In the cupboard under the sink you have the remove the bottom shelf. There are two copper pipes that are connected to the cold (blue) and warm (red) hose that go to the tap. Disconnect the blue hose from the copper pipe and drain the calorifier in a shallow beaks until it is empty.
This is part of my preparation for the winter.
Mike Baldwin
2023-07-05T20:48:10Z
Thank you Dirk. I have some news. I realised that I could remove just the valve without removing the whole unit including the temperature probe and drain tap. This was quite easy using a 27mm spanner. When I removed it, the calorifer drained slowly via the drain tap hose into my bilge which I collected in a bottle. I descaled the valve and then refitted it. But it still did not solve the problem. I now think that my pump is pressurising the calorifer too much and the PRV is then opening as it should. I have read that sometimes the pressure sensor on the pump goes faulty.
So my plan is now to replace the freshwater pump. However, I don't understand Peter's suggestion to have a Whale flow switch. Is this something to do with the pump pressure? Can anyone shed light on this?
DirkB
2023-07-06T05:08:11Z
Most FW pumps in boats and RV’s do have a pressure switch at the bottom. This switch cuts-off the power to the pump when the pressure exceeds a certain value. In many cases the closing pressure can be varied by a screw at the bottom of the switch. I know this from the FW pump in my previous boat.

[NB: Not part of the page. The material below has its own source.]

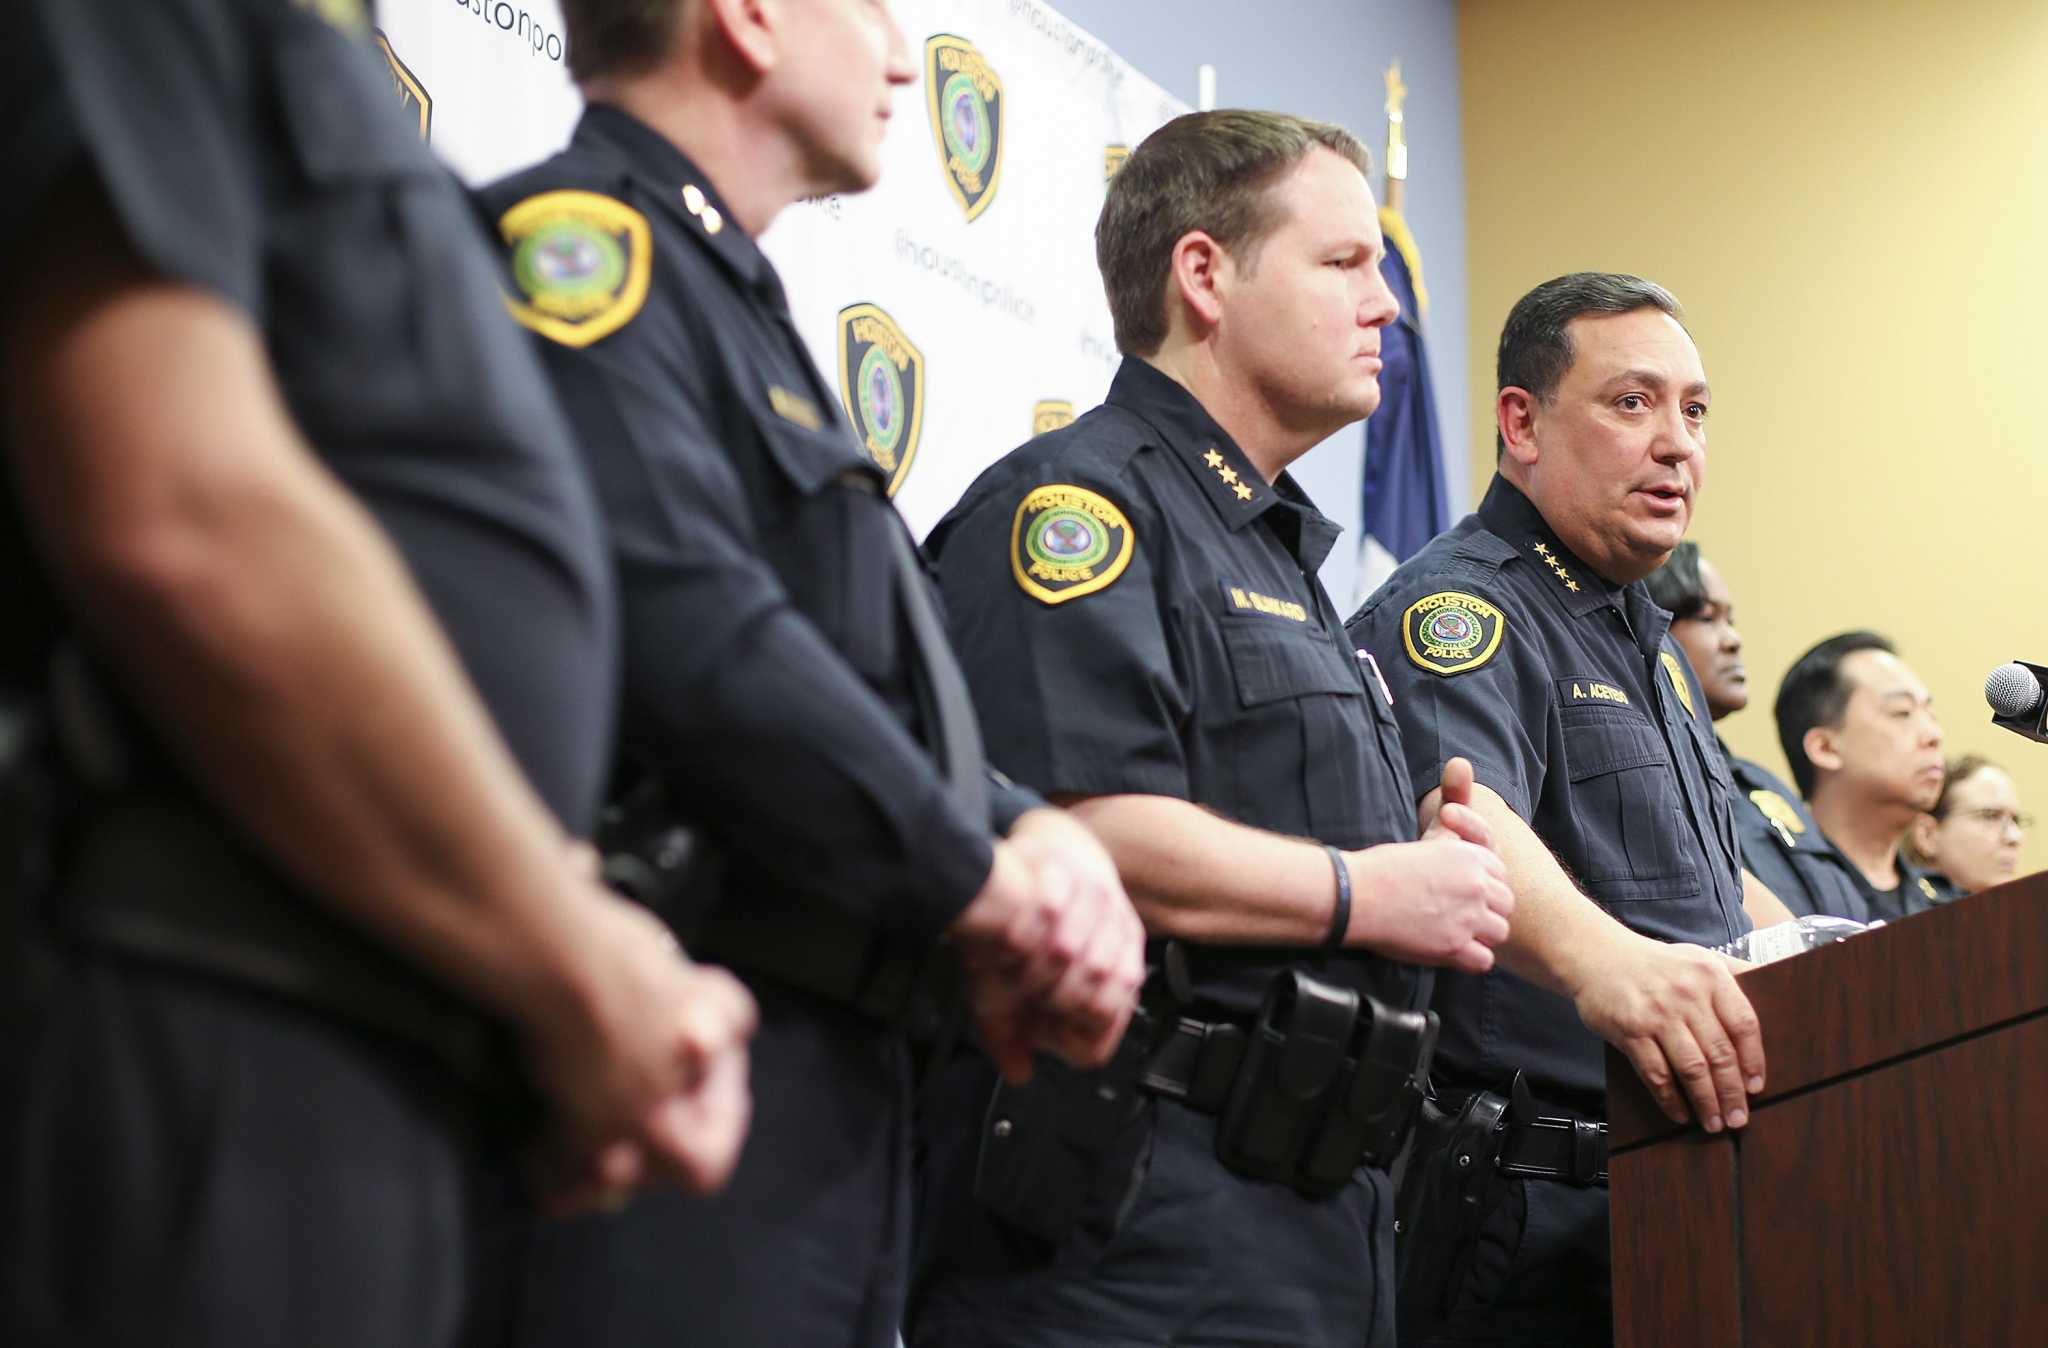 Houston police officer in drug raid had previous allegations against ...

If the pressure switch is not working properly, but the pump itself is fine, adding an additional switch may be cheaper than replacing the whole pump. Of course this extra switch needs some available space under the wash basin in the heads.

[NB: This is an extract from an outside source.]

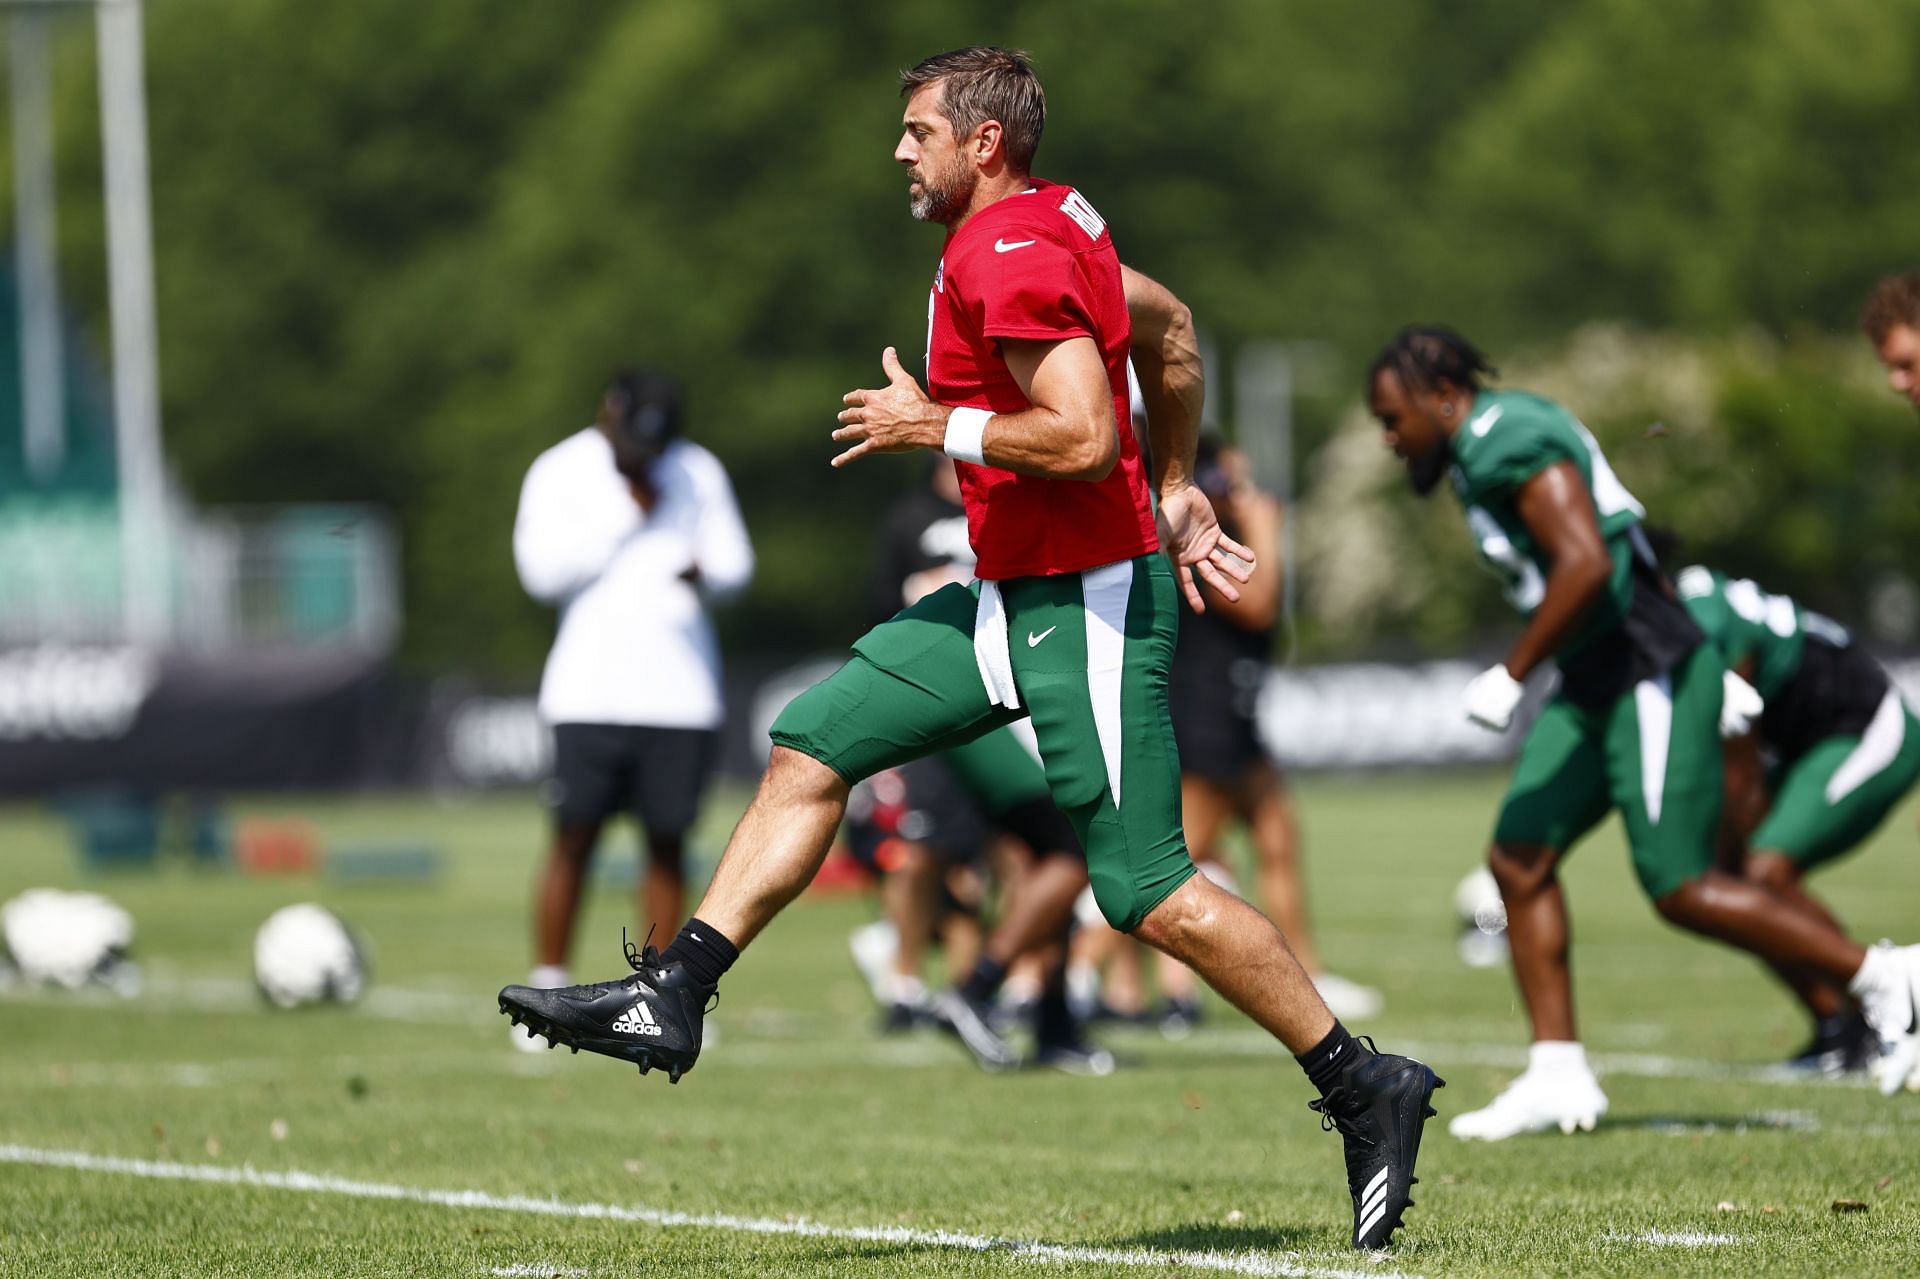 NFL notebook: Aaron Rodgers strains calf at Jets practice

My advice would be to first remove and inspect the FW pump and check the switch. These pumps can be open fairly easy to inspect and replace solely the switch. I’ve done it successfully in my previous boat.
In Surprise the FW pump is a Flojet pump. The switch off pressure is 1.3 bar according to the label. In this Youtube channel you can see how to replace only the pump switch:



In case of a complete pump replacement many other pumps can be fitted as they are very much alike, just match the max flow rate and closing pressure.
Mike Baldwin
2023-07-19T21:07:13Z
Well, I have fixed the problem. The pressure switch on the Flojet water pump was faulty, and it was over pressuring the system. I decided to change the whole pump as it was 20 years old. I bought a Jabsco Par-Max 3 pump that has a maximum pressure of 1.7 bar.
Many thanks to all who contributed. It has been an interesting experience and at least I got to investigate my calorifer and the PRV - which was doing the job it was supposed to!